Mais ce mode de traitement a un coût : nous sommes facilement submergés par les informations entrantes. Chaque fois que nous expérimentons ou apprenons quelque chose de nouveau, les cellules cérébrales doivent s'entraîner à un modèle d'activité particulier, elles ajustent leurs connexions et ajustent le réseau neuronal. Cela nécessite l'expansion ou la destruction des contacts neuronaux - l'activation d'un certain schéma à chaque fois tend à simplifier.

Une « explosion mentale » peut avoir différentes manifestations : oubli, distraction, sensation que le temps passe vite, difficulté à se concentrer

Ainsi, nos réseaux cérébraux mettent un certain temps à s'adapter aux informations entrantes. Nous devons oublier quelque chose afin d'améliorer nos souvenirs de ce qui est important.

Afin de filtrer immédiatement les informations entrantes, nous devons nous comporter comme en train de manger. D'abord, nous mangeons de la nourriture, puis il faut du temps pour la digérer. "Par exemple, j'adore le muesli", explique Beck. "Chaque matin, j'espère que leurs molécules favoriseront la croissance musculaire de mon corps. Mais cela n'arrivera que si je donne à mon corps le temps de les digérer. Si je mange du muesli tout le temps, je vais crever.»

C'est pareil avec l'information : si on consomme de l'information sans arrêt, on peut éclater. Ce type d'« explosion mentale » peut avoir de nombreuses manifestations : oubli, distraction, sensation que le temps passe vite, difficulté à se concentrer et à prioriser, difficultés à se souvenir des faits importants. Selon le neuroscientifique, ces "maladies de civilisation" sont le résultat de notre comportement cognitif : nous sous-estimons le temps qu'il faut pour digérer les informations et oublions les choses inutiles.
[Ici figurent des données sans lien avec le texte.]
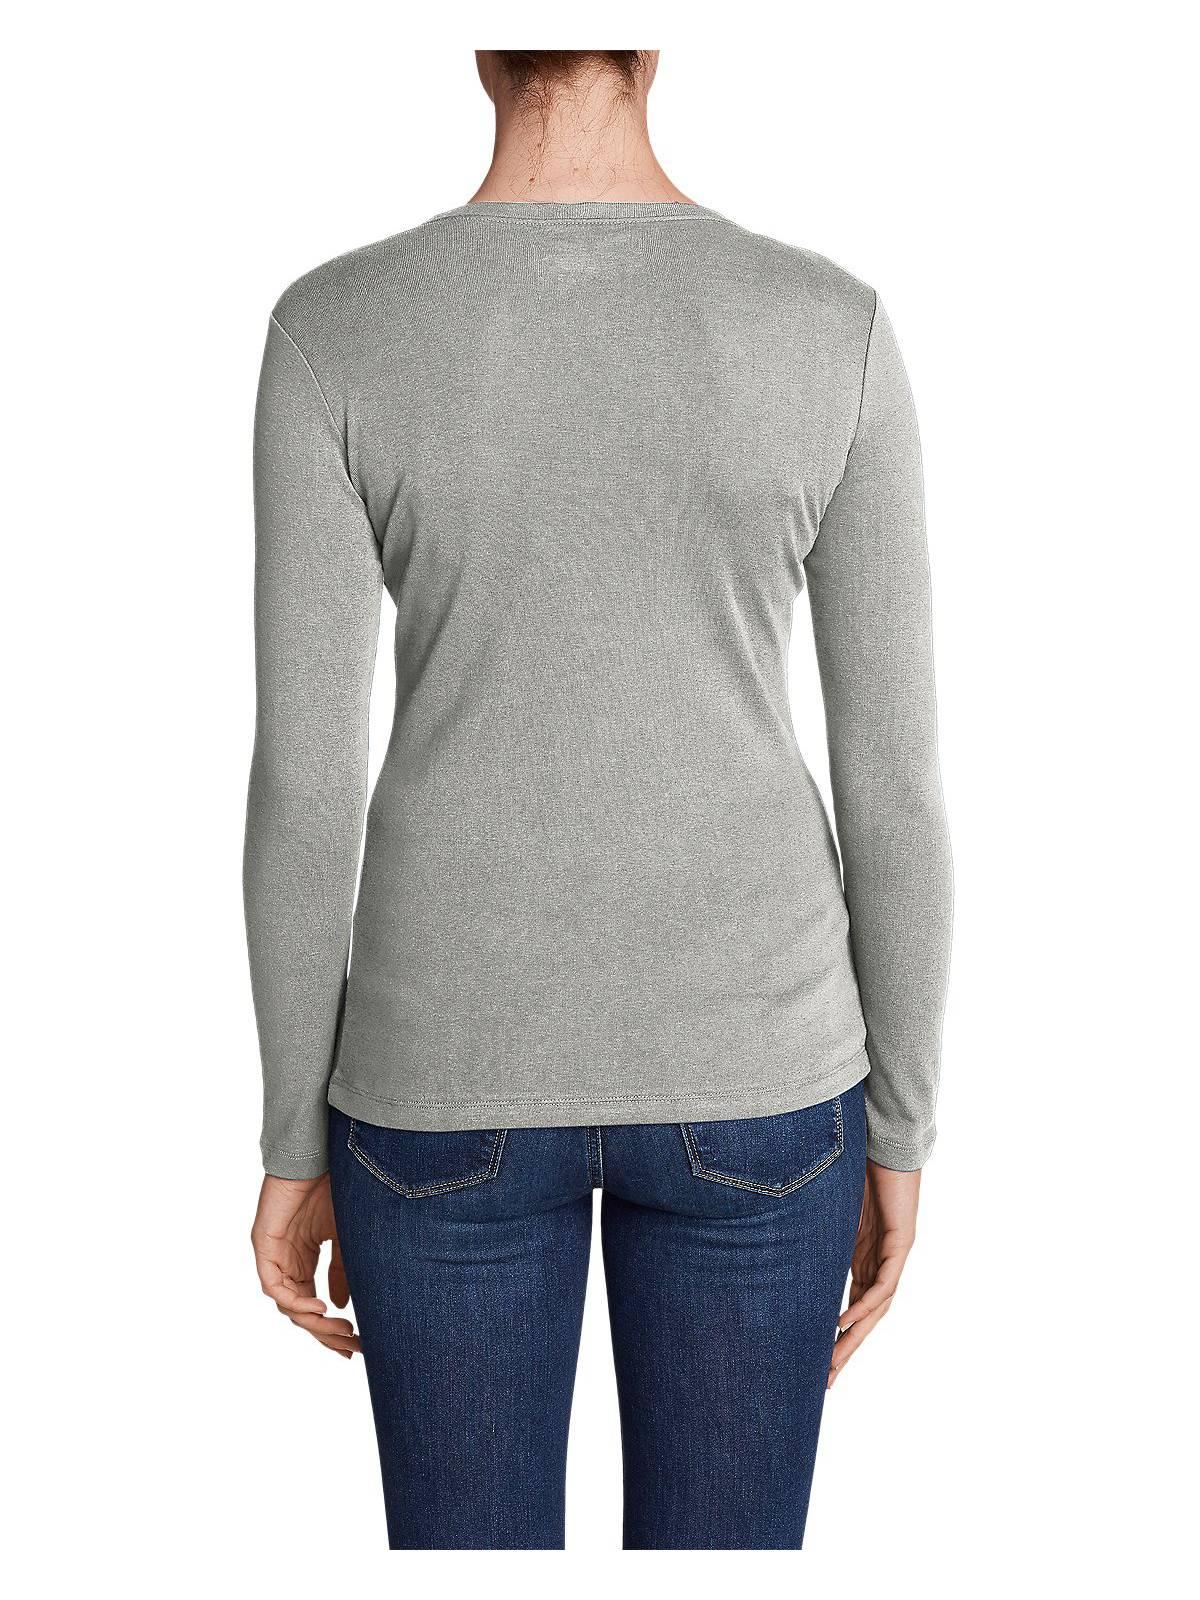 Eddie-Bauer-Women-039-s-Favorite-Long-Sleeve-Crewneck-T-Shirt thumbnail 24

« Après avoir lu les nouvelles du matin au petit-déjeuner, je ne fais pas défiler les réseaux sociaux et les médias sur mon smartphone pendant que je suis dans le métro. Au lieu de cela, je me donne du temps et ne regarde pas du tout mon smartphone. C'est compliqué. Sous les regards lamentables des adolescents qui défilent sur Instagram (une organisation extrémiste interdite en Russie), il est facile de se sentir comme une pièce de musée des années 1990, isolée de l'univers moderne d'Apple et d'Android, sourit la scientifique. — Oui, je sais que je ne pourrai pas me souvenir de tous les détails de l'article que j'ai lu dans le journal au petit déjeuner. Mais pendant que le corps digère le muesli, le cerveau traite et assimile les informations que j'ai reçues le matin. C'est le moment où l'information devient connaissance.


À propos de l'auteur : Henning Beck est biochimiste et neuroscientifique.